Um die Vorteile des Digitaldrucks auf Textilien wirklich nutzen zu können, braucht es die richtige Technik samt Produktionsmitteln und geschulte Mitarbeiter, sagt Textilingenieurin Heidrun Stürmer.
BTH Heimtex: Alle sprechen von den Vorteilen des Digitaldrucks. Wo sehen Sie Schwierigkeiten des Verfahrens?
Heidrun Stürmer: Aus meiner Sicht in der Auswahl der richtigen Tinten für das zu bedruckende Medium wie Gewebe, Vlies oder Maschenware, Baumwolle, Viskose oder Seide - auch Pigment-Tinte ist nicht gleich Pigment-Tinte. Außerdem gilt es zu beachten, dass technisches Equipment wie Bubble-Jet oder Piezzo-Druckköpfe sowie die Fixiereinheit aufeinander abgestimmt sein müssen. Beim Druckergebnis gilt: Während feine, florale Konturen und viele Farben kein Problem darstellen, ist ein vollflächiger, einfarbiger Druck oder ein Design mit geometrischen Formen problematisch. Deshalb werden auf Messen in der Regel florale Motive gezeigt.
BTH Heimtex: Wie aufwändig ist die digitale Aufbereitung der Druckvorlagen?
Stürmer: Um eine kolorierbare digitale Vorlage zu erzeugen, wird beim Digitaldruck der gleiche Aufwand benötigt wie beim konventionellen Druck. Es gibt hierfür verschiedene Software-Lösungen. Am bekanntesten ist Photoshop. Bei Photoshop wird die Vorlage (z.B. ein Foto) eingelesen und dann "per Knopfdruck" auf die gewünschte Anzahl "Schablonen" konvertiert. Dieser Prozess dauert bei Fachleuten und mit aktueller Hardware nur Sekunden bis wenige Minuten. Anschließend werden die Schablonen zuerst software-unterstützt und dann im Idealfall noch manuell bereinigt und ggf. rapportiert. Ich schätze, ein Fachmann braucht nicht länger als eine Stunde pro Vorlage, tendenziell sogar weniger. 2001 dauerte diese elektronische Bildbearbeitung noch zehn bis 40 Stunden, abhängig von der Bildgröße und davon, wie genau die Bilder bearbeitet werden sollten.
BTH Heimtex: Wie sieht es mit der Produktionsgeschwindkeit aus?
Stürmer: Die ist abhängig von der Auflösung (dpi). Je breiter und schärfer das Druckmotiv, desto langsamer wird der Drucker. 2001 hatten wir Geschwindigkeiten von 1 bis 4 m
2/h. Die Lebensdauer der Druckköpfe war sehr gering, oft nur einige Stunden. Das sieht heute schon ganz anders aus, wo z.B. 260 m
2/h erreicht werden können.
BTH Heimtex: In welchem Rahmen bewegen sich die Investitionskosten für Digitaldruck?

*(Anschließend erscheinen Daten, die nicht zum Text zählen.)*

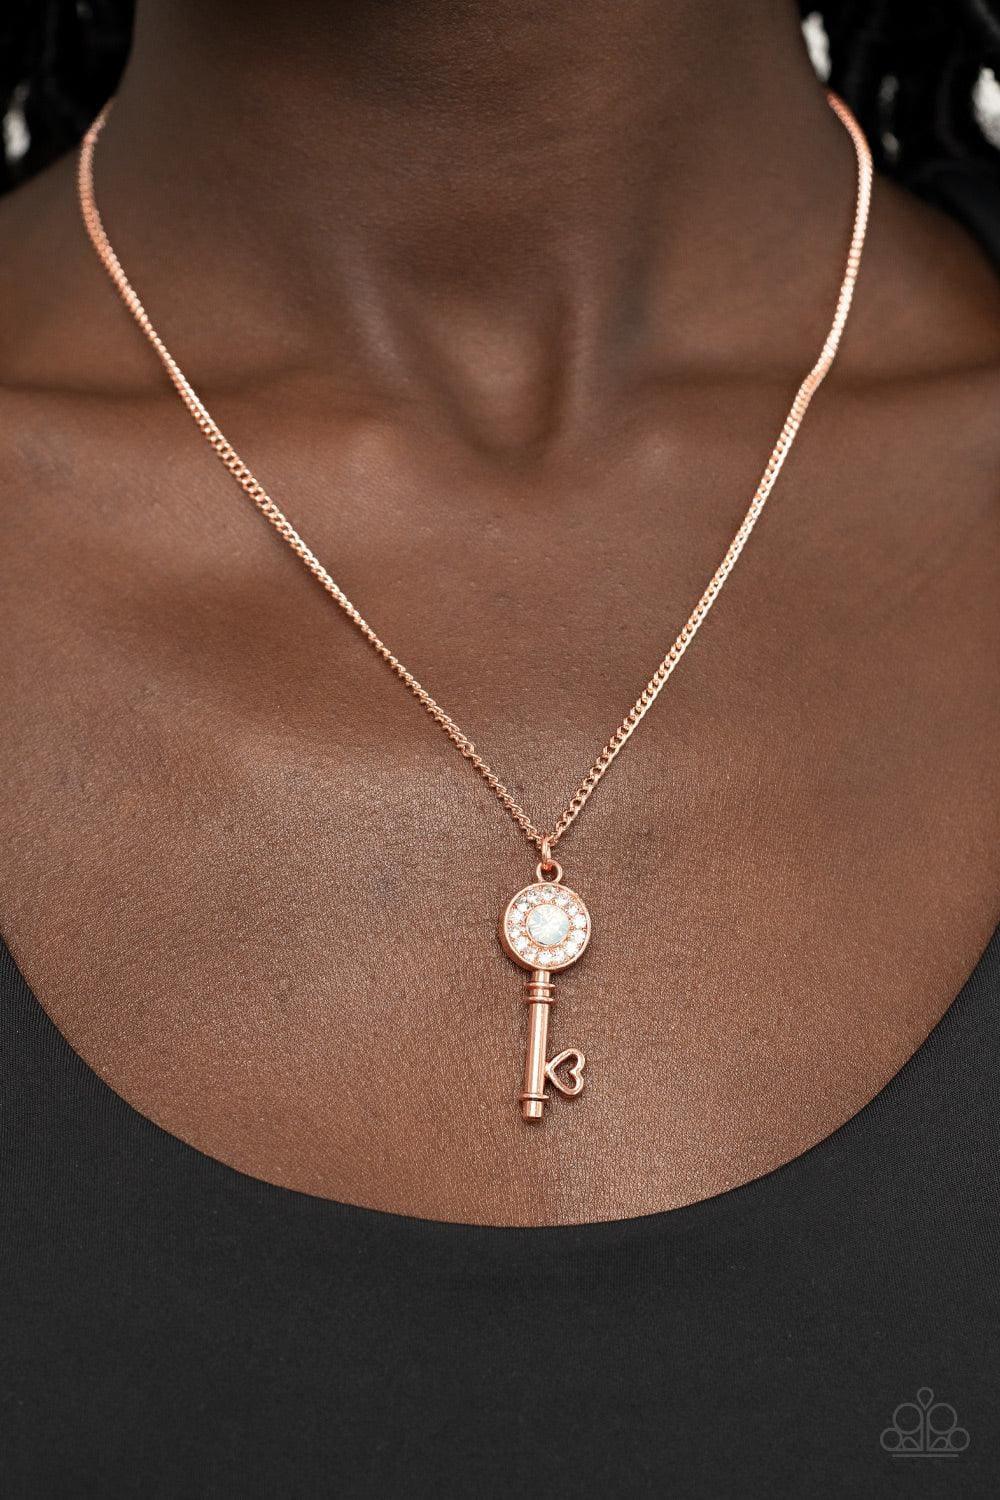 Paparazzi Accessories - Prized Key Player - Copper Necklace - Bling by JessieK

Stürmer: Im konventionellen Druck (Siebdruck) fallen für kleine Mengen, beispielsweise über Anbieter wie Amazon, einige Tausend Euro an. Für die industrielle Fertigung können dann für einen regulären Maschinenpark mit Druckmaschinen, Waschmaschine, Dämpfer, Trockner, etc. schon einige Millionen Euro zusammen kommen. Beim Digitaldruck ist der Einstieg ab 10.000 bis 15.000 EUR möglich, nach oben gibt es natürlich keine Grenze. Es gibt auch sehr viele Betriebe, die Digitaldruck mit konventioneller Textilfertigung kombinieren.
BTH Heimtex: Welche Fachkenntnisse brauchen die Mitarbeiter?
Stürmer: Die Mitarbeiter müssen in der Lage sein, mit den entsprechenden Softwareprogrammen umzugehen. Zudem müssen defekte Druckköpfe getauscht oder andere technische Störungen behoben werden können. Die Anbieter von Komplettlösungen (Tinten, Transferpapier und Technik) bieten in der Regel eine entsprechende Mitarbeiterschulung an.
Tendenziell wird die Arbeit einem Grafik-Designer wahrscheinlich leichter fallen als einem Raumausstatter. Spaß an der Bildbearbeitung ist jedoch immer vorausgesetzt.